I've been reading these post on this thread,heartbreaking.My wife disconnected with me also,had a four mont EA with her ex-hs boyfriend,she even met him a few times,no nothing happened,hugs and some quick pecks on the cheeks,trust me,the exchange of I love yous really hurt me,I kicked her out she stayed with relatives,she's been back 10 weeks now,lately I've been feeling indifferent to her,like I dont want her and the whole time she is doing everything she can to make us whole again,I actually think I enjoy seeing her in pain,pay back you know?
She wants to talk and have some physical attention.Me? Nope being to damn stubborn.I worked so hared to get her back now I'm pushing her away,I think I want reveng but after reading what has been posted here I see I'm acting like a damn idiot and if I keep it up I'm going to regret this big time.I'm being a damn fool,I wish you all the best,I'm going to go lay my head on her lap and get a head massage.I'm one of the lucky ones. Way too much hurt here,what the hell am I thinking?Good luck guys.
_Posted via Mobile Device_


----------



## sadwithouthim (Dec 8, 2011)

jpr said:


> On the weekends that I don't have my son, I volunteer at the SPCA....I take a dog to an adoption event or something like that. It always makes me feel good to help find an animal a home.
> 
> It also is good to get out and meet new people.
> 
> You have a great opportunity to explore new outlets and find a new and fulfilling niche for yourself.

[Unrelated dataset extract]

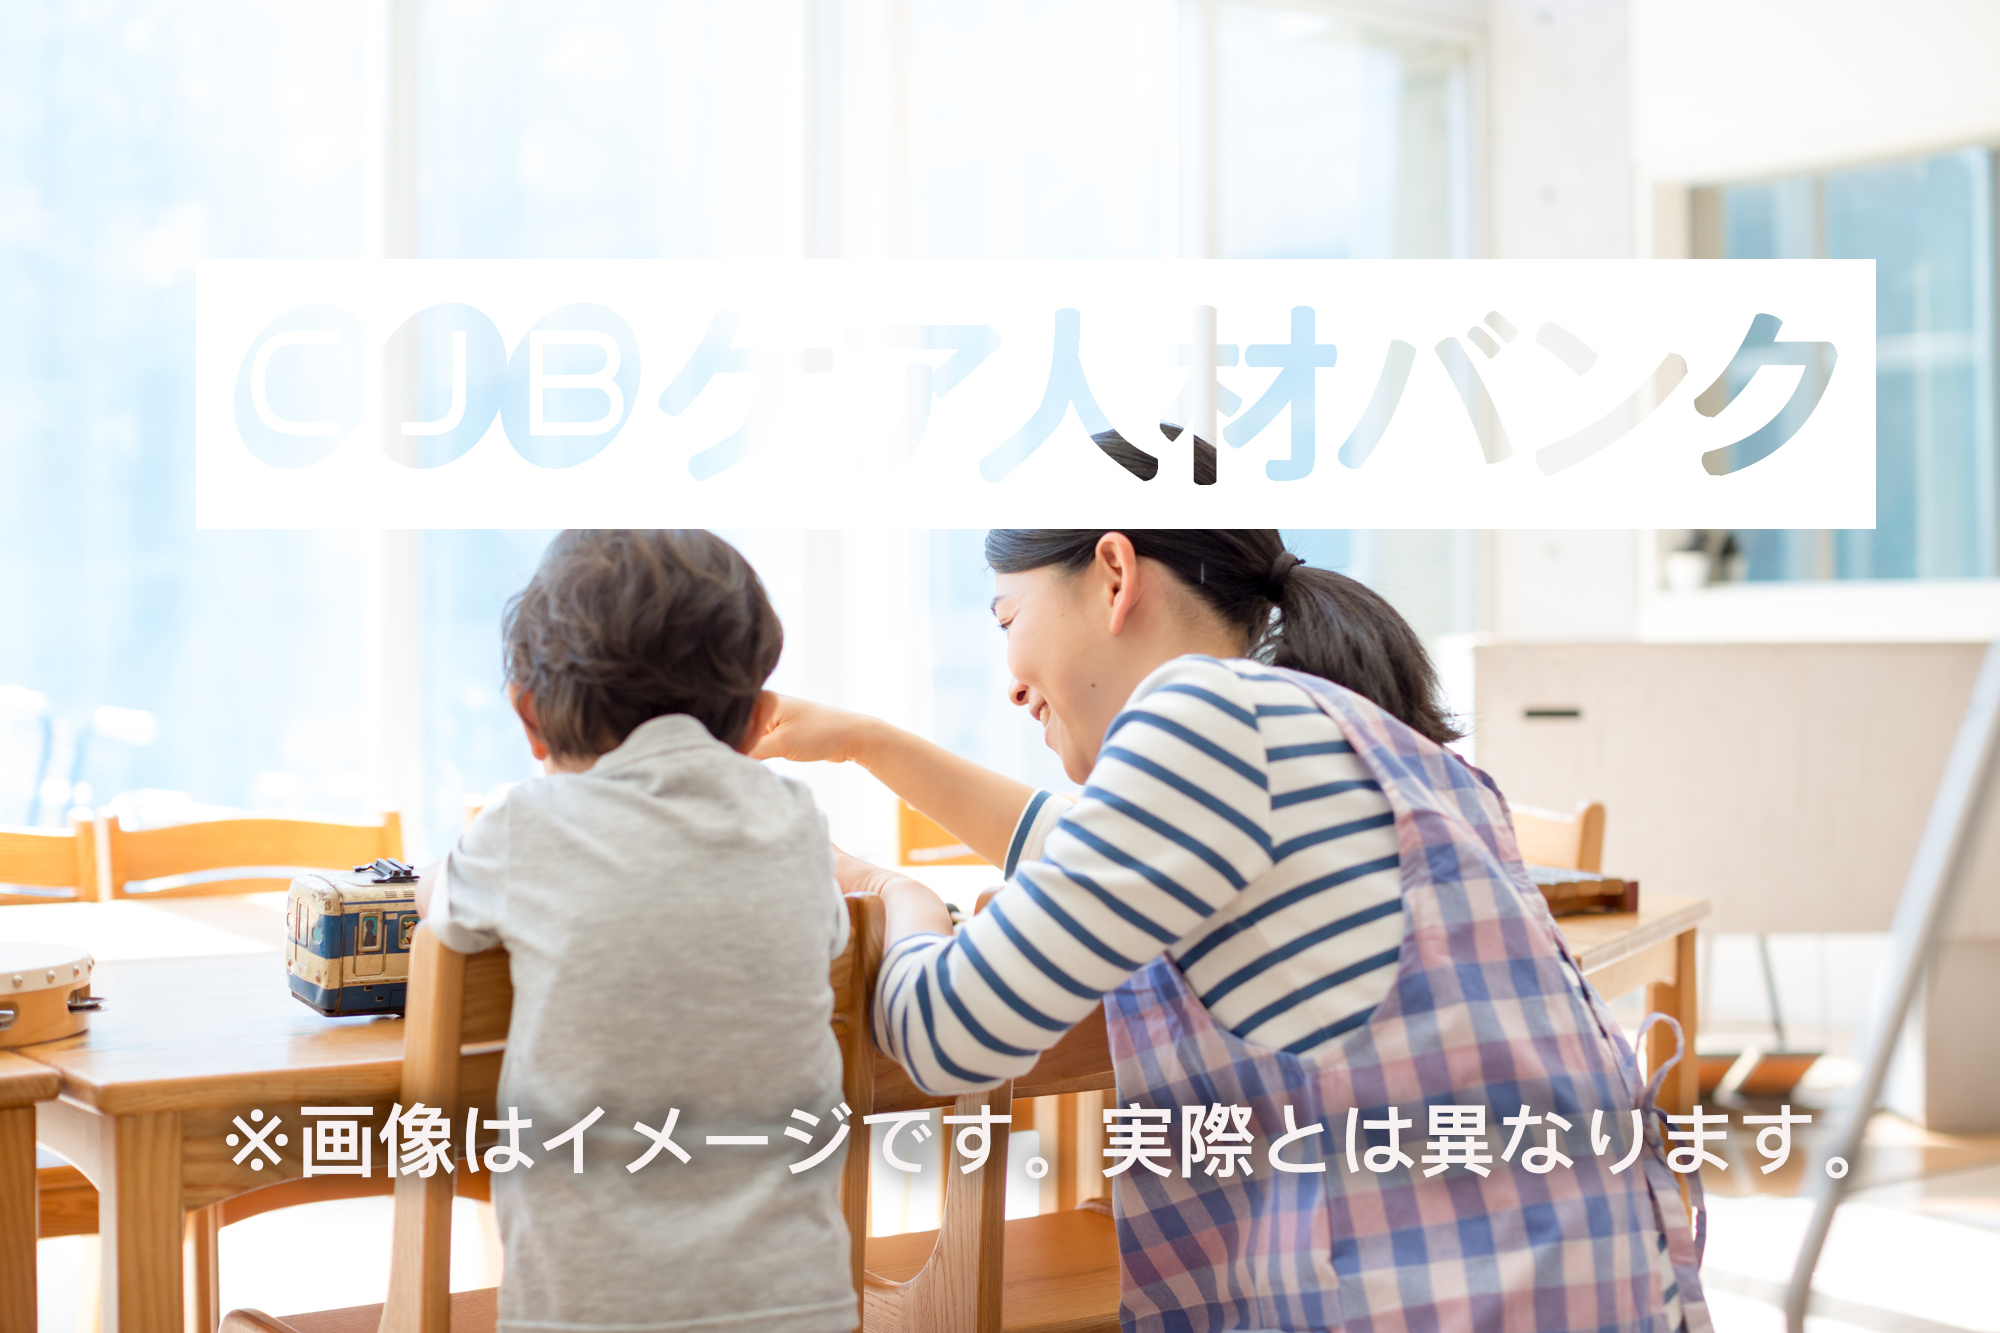 こぱんはうすさくら横浜鶴見教室 のイメージ画像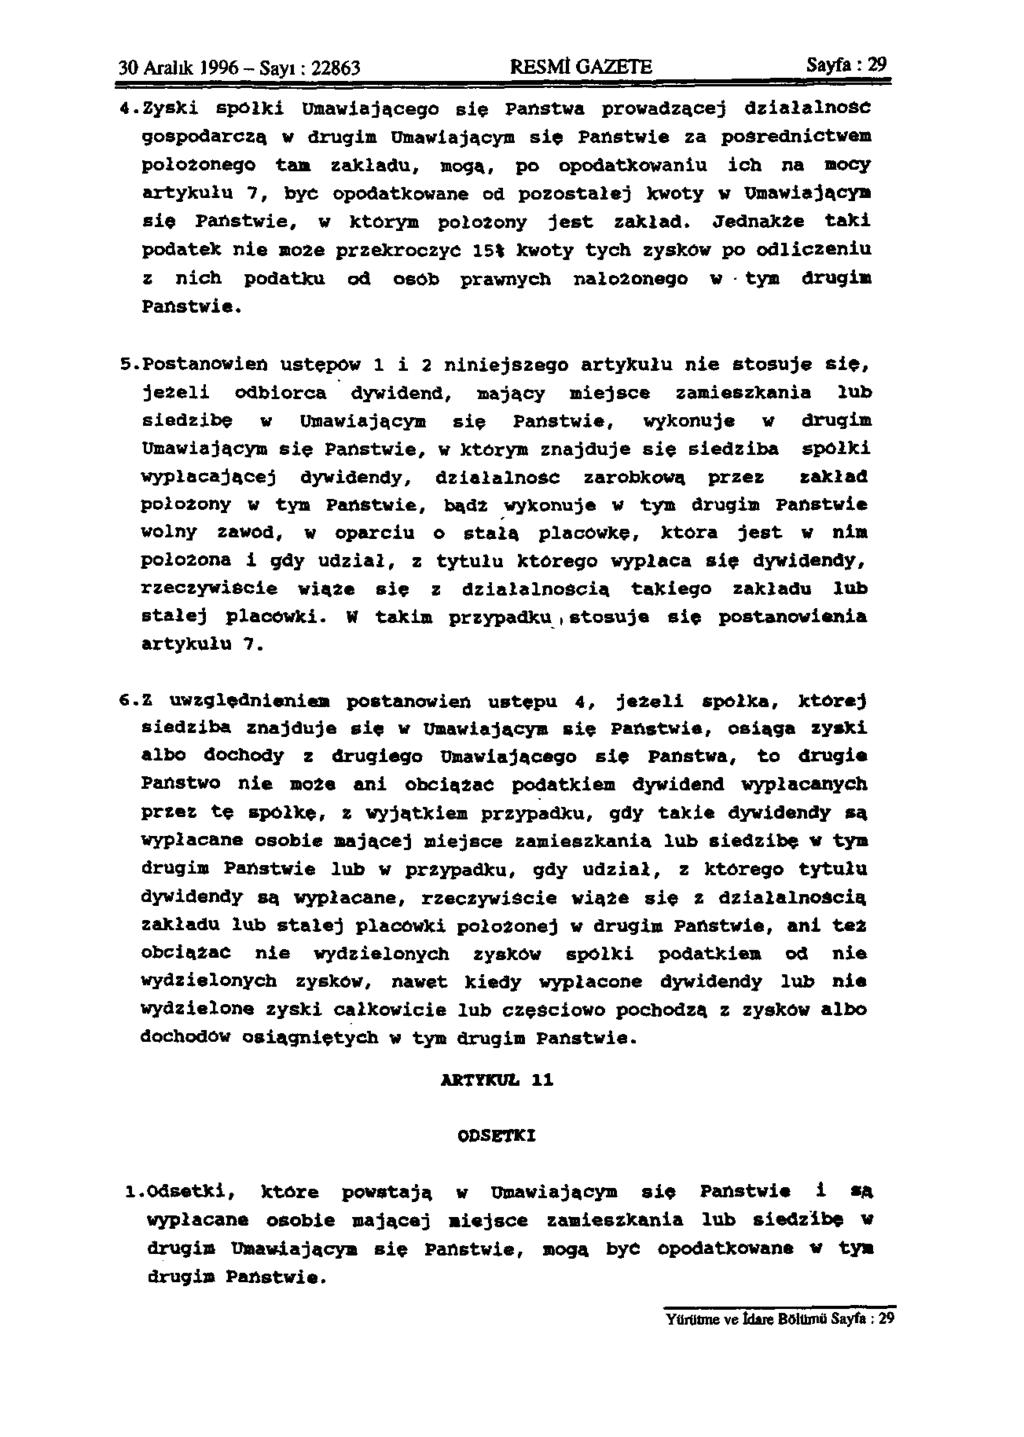 30 Aralık 1996 - Sayı: 22863 RESMİ GAZETE Sayfa: 29 4. Zyski spolki Umawiaja.

Ohhhh.....I like that volunteer idea. Maybe I'll check out our local shelter....only problem is I will need to for myself to not bring more strays home.
_Posted via Mobile Device_


----------



## sadwithouthim (Dec 8, 2011)

calvin said:


> I've been reading these post on this thread,heartbreaking.My wife disconnected with me also,had a four mont EA with her ex-hs boyfriend,she even met him a few times,no nothing happened,hugs and some quick pecks on the cheeks,trust me,the exchange of I love yous really hurt me,I kicked her out she stayed with relatives,she's been back 10 weeks now,lately I've been feeling indifferent to her,like I dont want her and the whole time she is doing everything she can to make us whole again,I actually think I enjoy seeing her in pain,pay back you know?
> She wants to talk and have some physical attention.Me? Nope being to damn stubborn.I worked so hared to get her back now I'm pushing her away,I think I want reveng but after reading what has been posted here I see I'm acting like a damn idiot and if I keep it up I'm going to regret this big time.I'm being a damn fool,I wish you all the best,I'm going to go lay my head on her lap and get a head massage.I'm one of the lucky ones. Way too much hurt here,what the hell am I thinking?Good luck guys.
> _Posted via Mobile Device_


You have hurt too you are dealing with. We all heal at our own pace. If you truly love her just don't hurt back....you won't gain anything from it but more anger. 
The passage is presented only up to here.